INFORMATION SUPPLIED:
======
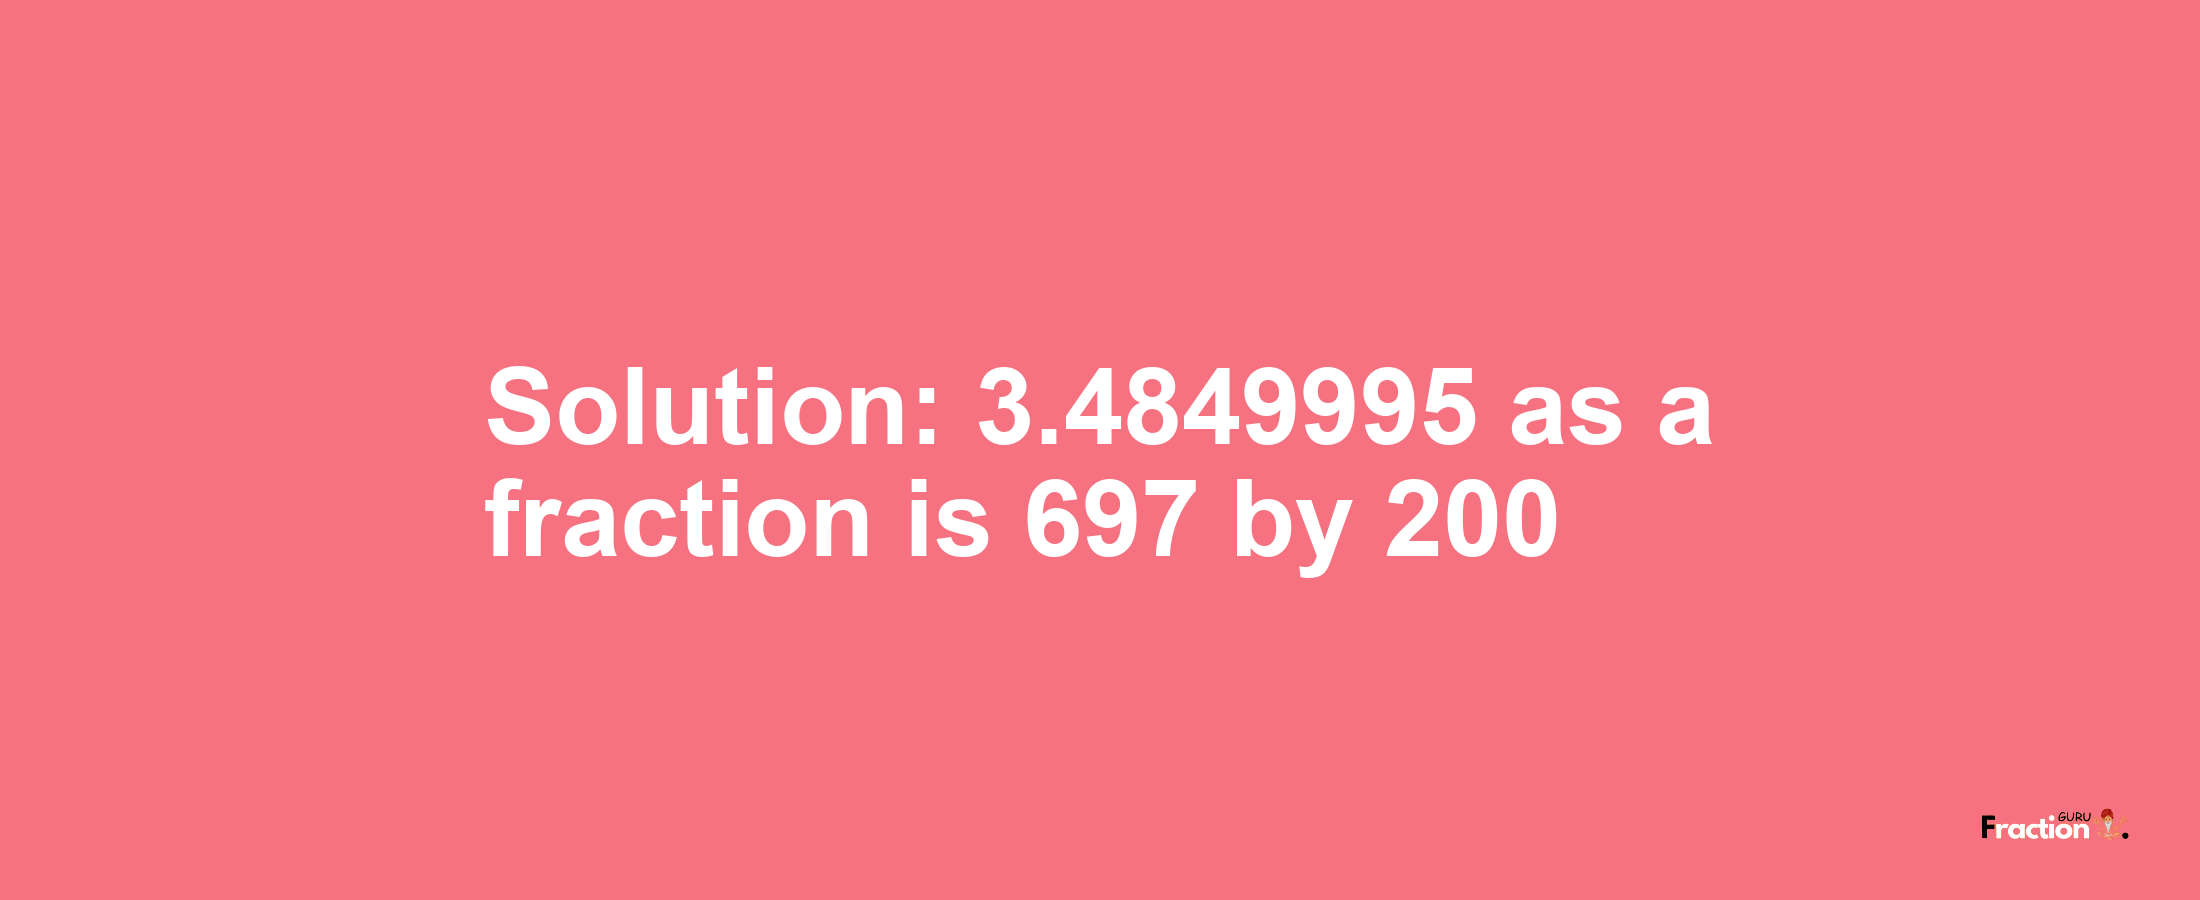 Solution:3.4849995 as a fraction is 697/200
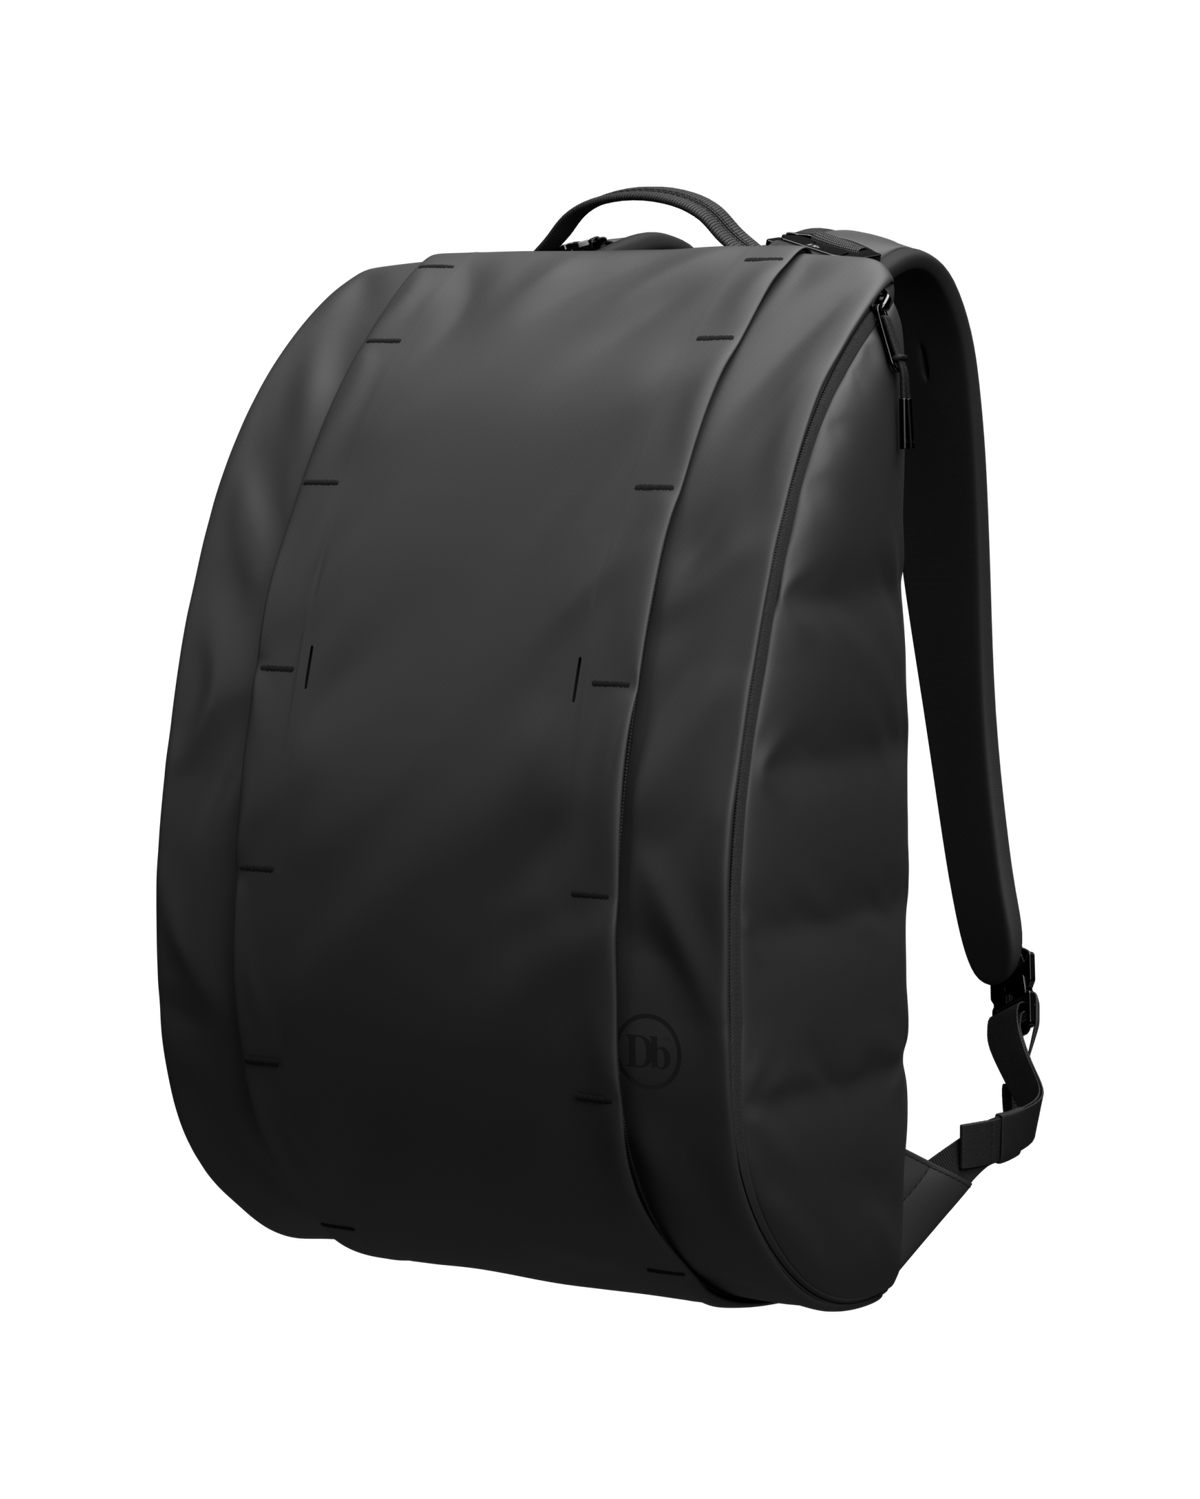 TheVinge15LBackpack.png
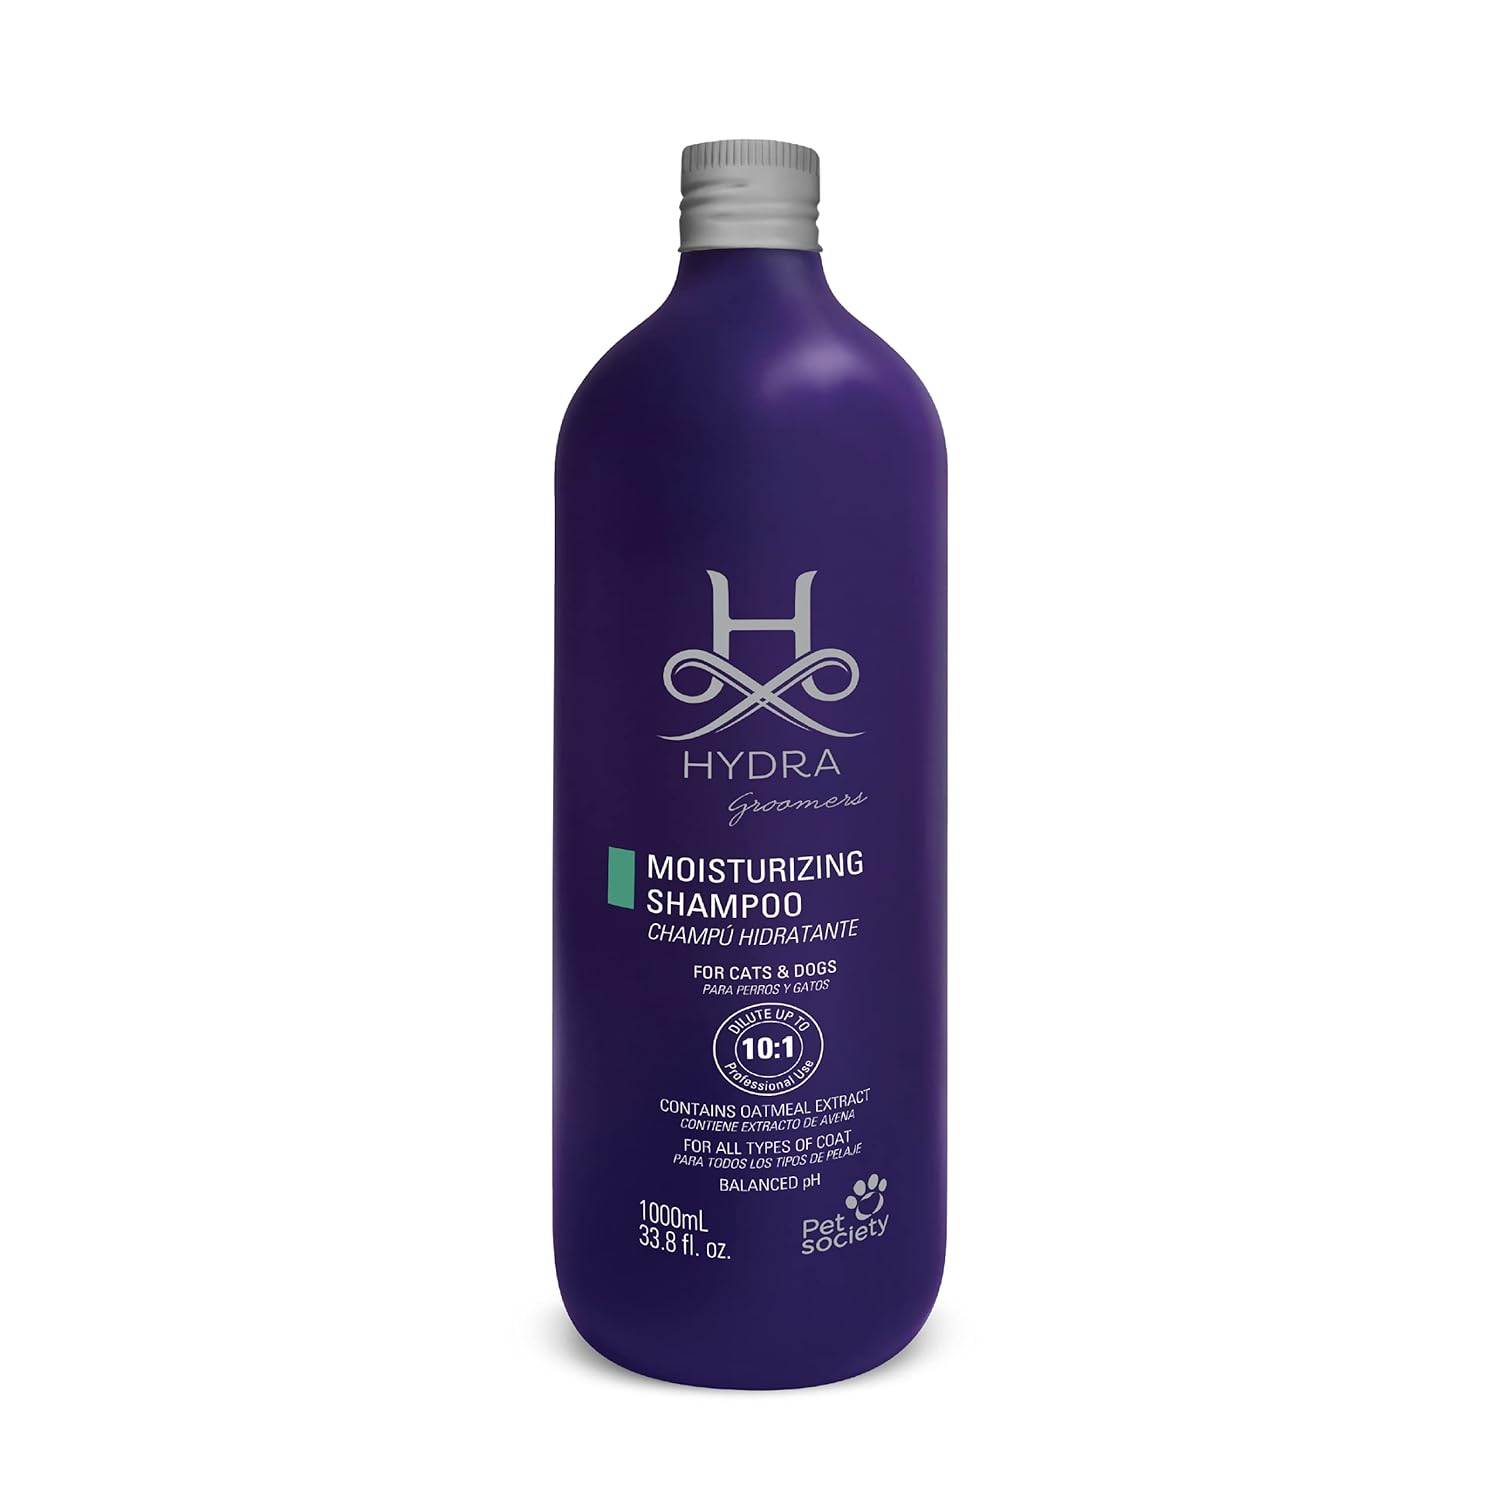 Hydra Groomer's Moisturizing Shampoo 1 Litre for Cats and Dogs Contains Optical Brightener Oatmeal Extract Moisturizes and Softens The Coat pH Balance.…
======
WHAT TO PRODUCE: Reproduce the whole listing above word for word, but not its pictures.

ANSWER SPACE:
 Solution:3.4849995 as a fraction is 697/200
 TheVinge15LBackpack.png
 Hydra Groomer's Moisturizing Shampoo 1 Litre for Cats and Dogs Contains Optical Brightener Oatmeal Extract Moisturizes and Softens The Coat pH Balance.…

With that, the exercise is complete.